- **Instructions to follow**
Print each line exactly, from the one with "Boston cello" to the very last line of the listing, and keep the pictures out.

- **Dataset excerpt**
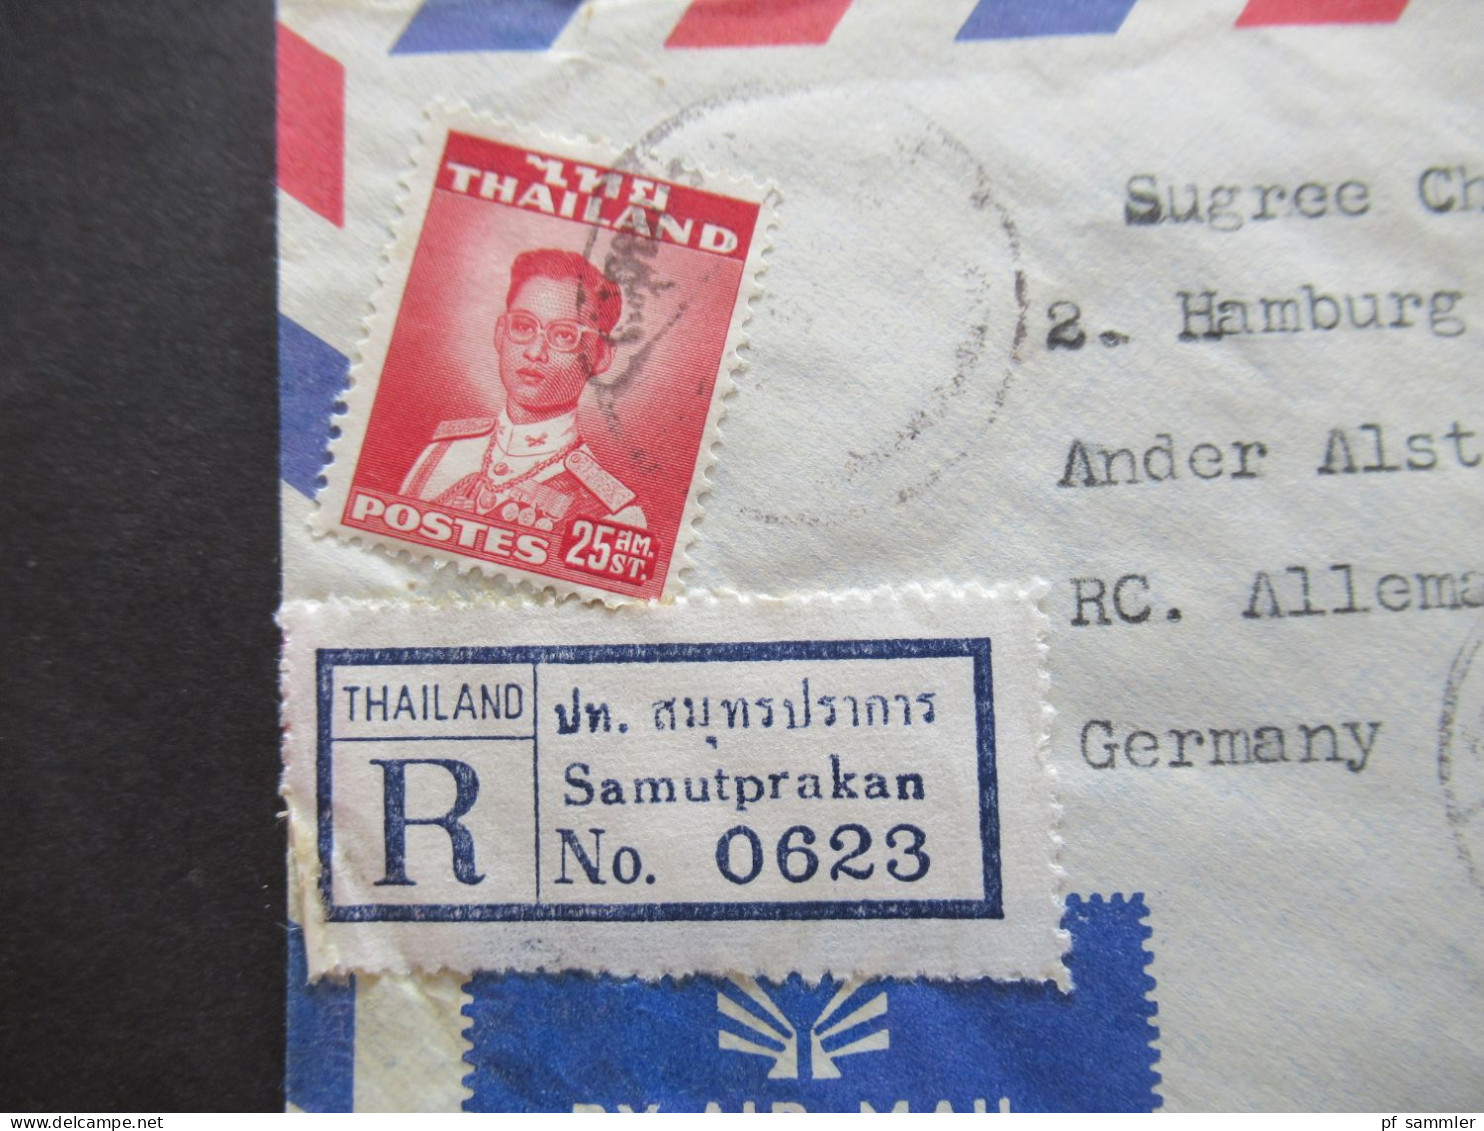 Asien Thailand 1965 Einschreiben / Registered Letter Luftpost / Air Mail Samutprakan - Hamburg - Tailandia
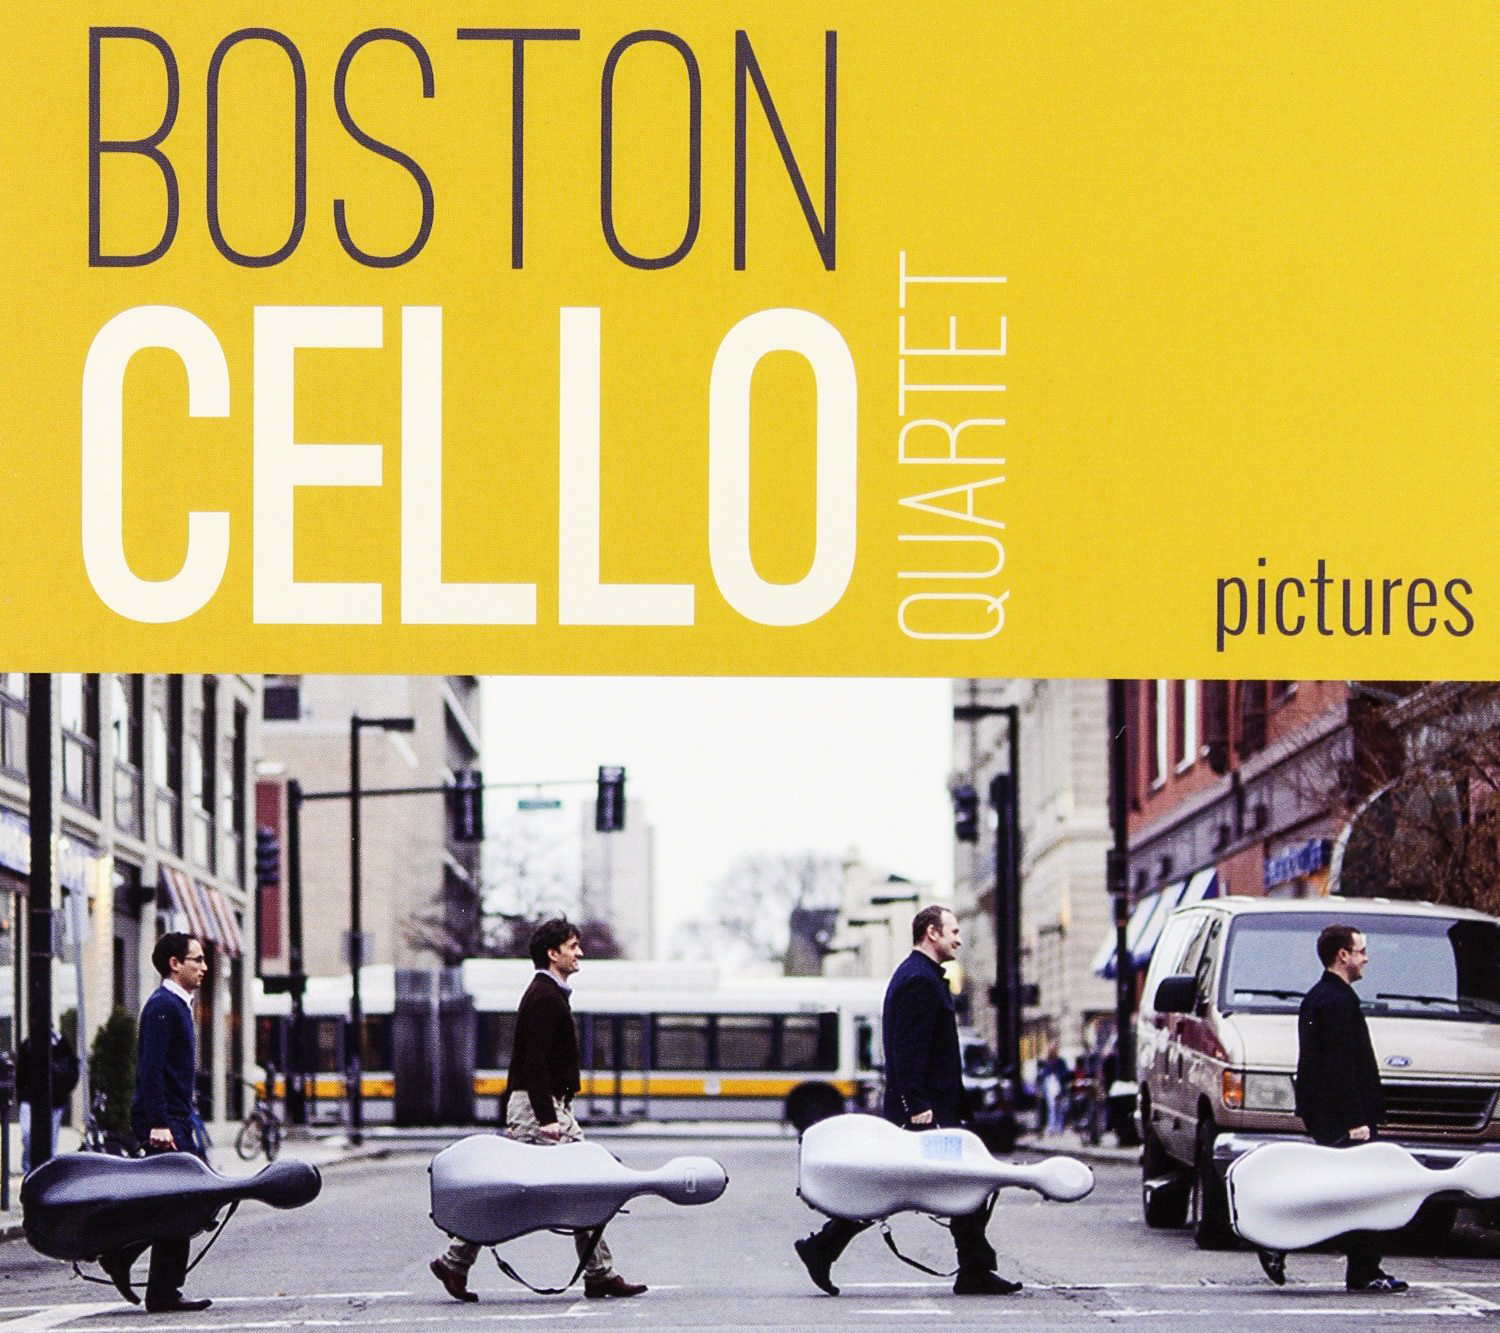 Boston cello
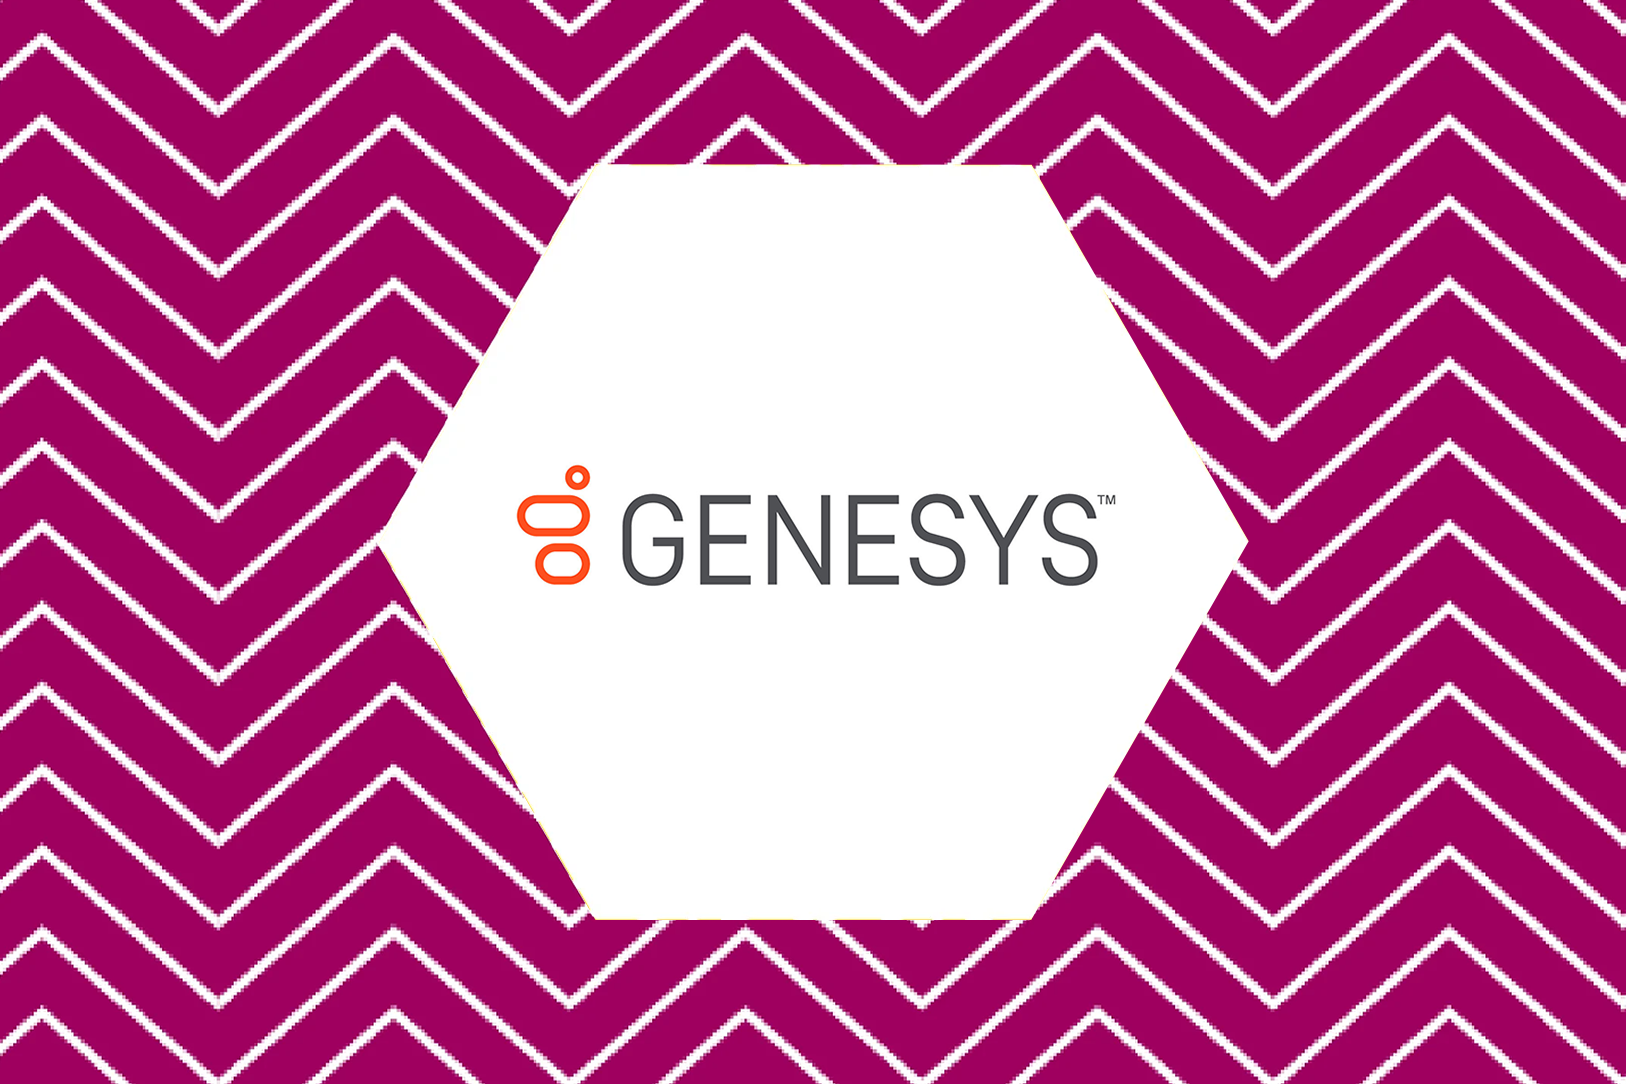 Genesys Website Case Study Image Resized (Smaller)

- **Answer box**
 Boston cello
 Genesys Website Case Study Image Resized (Smaller)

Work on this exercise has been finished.